In the present study, the computed DWQI value ranges between 26 and 361. The average value of the DWQI is 114, which is classified as poor water quality for drinking purposes. In total, 23% of the samples have DWQI values below 50, indicating excellent quality, and 36% of the samples ranged between 51 and 99, categorized as good water. On the other hand, 26% of the samples showed very poor quality for drinking purposes. Sample 1 at Timmanaickanpalayam village gave the highest value of 361, followed by sample 11 at Pudupalayam village with the value 319. In sample 1, the DWQI value was high due to the high level of TDS (2173 mg/L), and other ions such as NO₃ (366 mg/L), Cl (425 mg/L), SO₄ (260 mg/L), and K (360 mg/L). The presence of a high concentration of NO₃ and K shows that the pollutants originate from agricultural fertilizers.

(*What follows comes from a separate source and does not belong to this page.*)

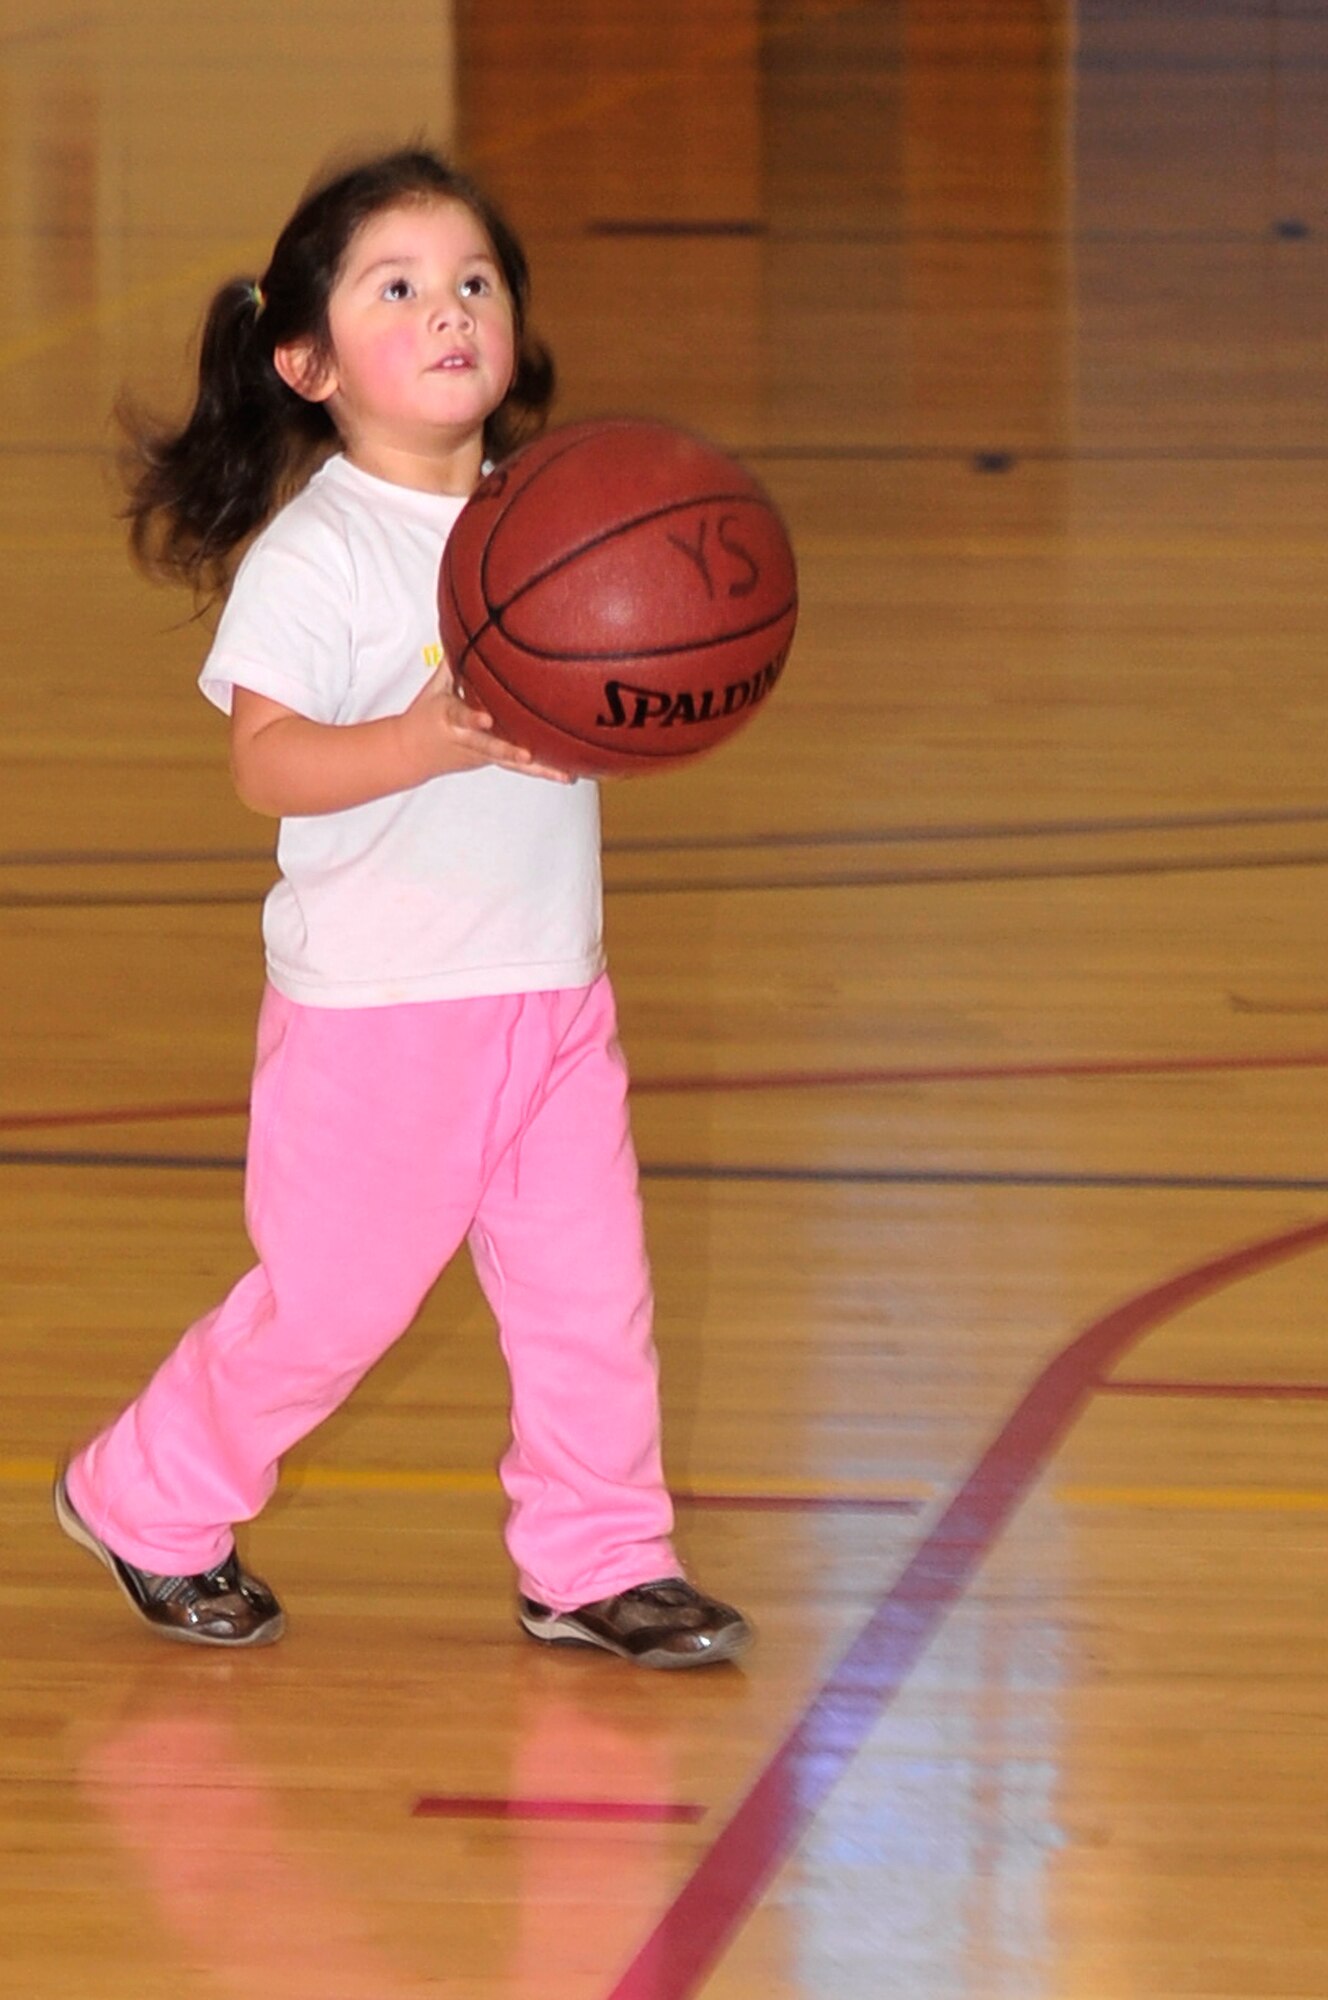 BUCKLEY AIR FORCE BASE, Colo. -- Veronica Estrada, daughter of Senior Master Sgt. Gabriel Estrada, plays basketball during the Fit Factor Family event at the Buckley Fitness Center March 13. (U.S. Air Force photo by Airman 1st Class Manisha Vasquez)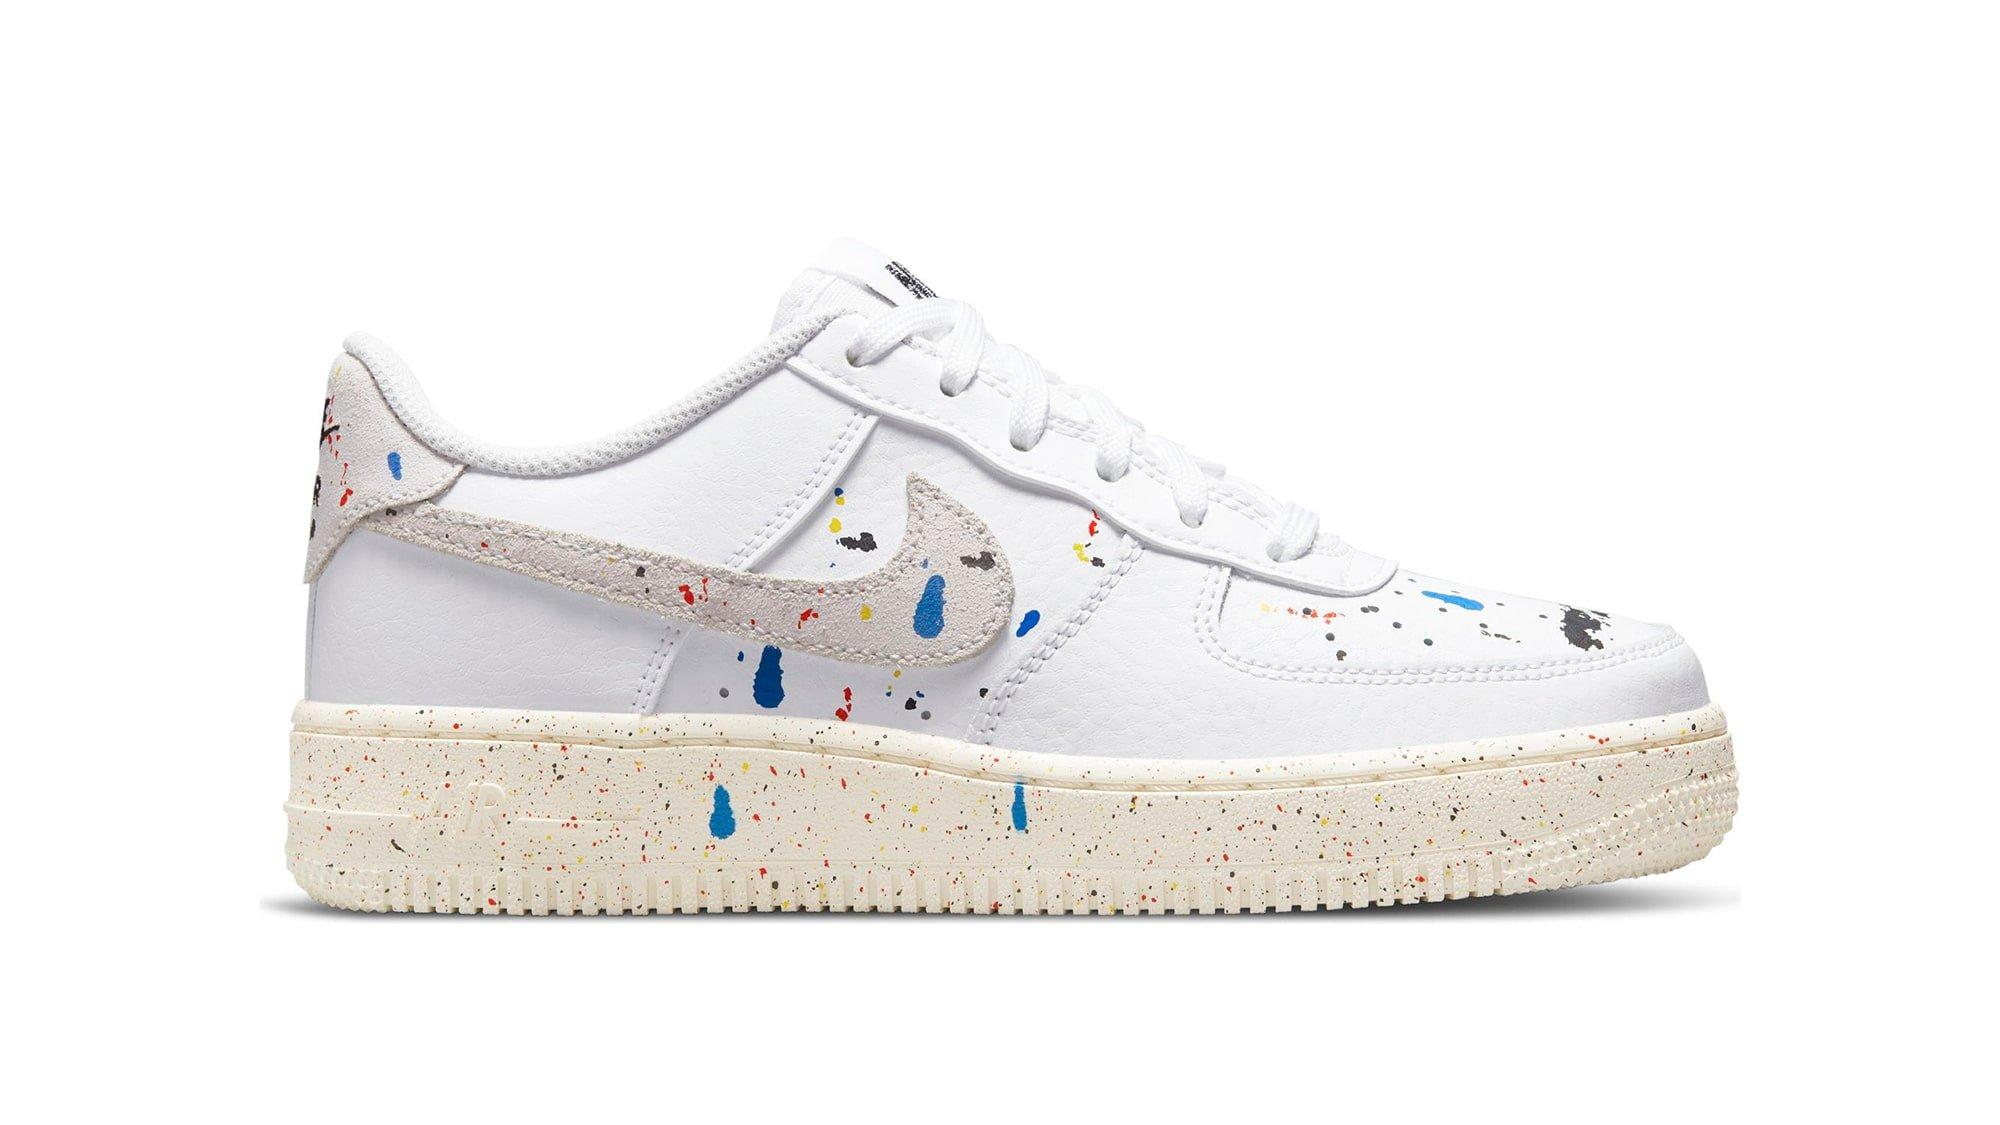 Sneakers Release- Kids’ Nike Force 1 “White/Sail

The spatial variation map of the DWQI showed that the samples in the southern, eastern, and northeastern regions have comparably better-quality water than the northern and northwestern regions (Fig. 2). Some samples in the central part and majority of the samples in the northwestern region have very high DWQI values, categorized as poor or very poor. The samples in these regions are mostly affected by anthropogenic inputs such as industrial or agricultural activities. The land use pattern of the study area agrees with this inference.

Fig. 2

Spatial variation of the drinking water quality Index (DWQI) in the study area

Groundwater types

A Durov diagram can reflect general geochemical processes in groundwater (Durov, 1948) (Fig. 3). It is also useful in identifying the hydrochemical types of different water samples (Li et al. 2014). In this study, most of the samples were in fields 2, 3, 5, 6, and 8. Exceptionally few samples were plotted in field 7. Field 1 shows the natural groundwater chemistry dominated by Ca and HCO₃. As it goes from field one to three, significant ion exchange between the cations is expected. Field 2 generally represents the dominance of Ca and Mg along with HCO₃, while in field 3, Na and K dominate the cations and HCO₃ the anions. In this study, nine samples fall in field 2, reflecting the dominance of Ca and Mg, while three samples fall in field 3, showing the control of Na and K ions. Many samples were also plotted in field 5, which indicates simple mixing or dissolution processes; in this group, there is no dominance of any anions or cations (Chen et al. 2019). Field 7 shows the dominance of Ca and Cl, generally due to the reverse ion exchange process of Ca from groundwater with Na in the aquifer matrix, while field 8 has a dominance of Ca and Mg along with Cl in several samples, which is indicating the mixing of saline water with the freshwater.

Fig. 3

Durov plot showing hydrochemical facies and possible ionic reactions in the study area

Nitrate concentration and possible origins in groundwater

The levels of nitrate in groundwater varied between 1 and 415 mg/L, with the average value being 77 mg/L. The permissible limit of nitrate in drinking water, as per WHO guidelines, is 50 mg/L (WHO 2017). Of the 92 samples, 34 exceeded this permissible level for drinking purposes. However, the standard Indian value is lower, at 45 mg/L, making a total 35 samples exceeding this limit. Drinking water standards may vary from place to place depending on water intake related to climatic conditions.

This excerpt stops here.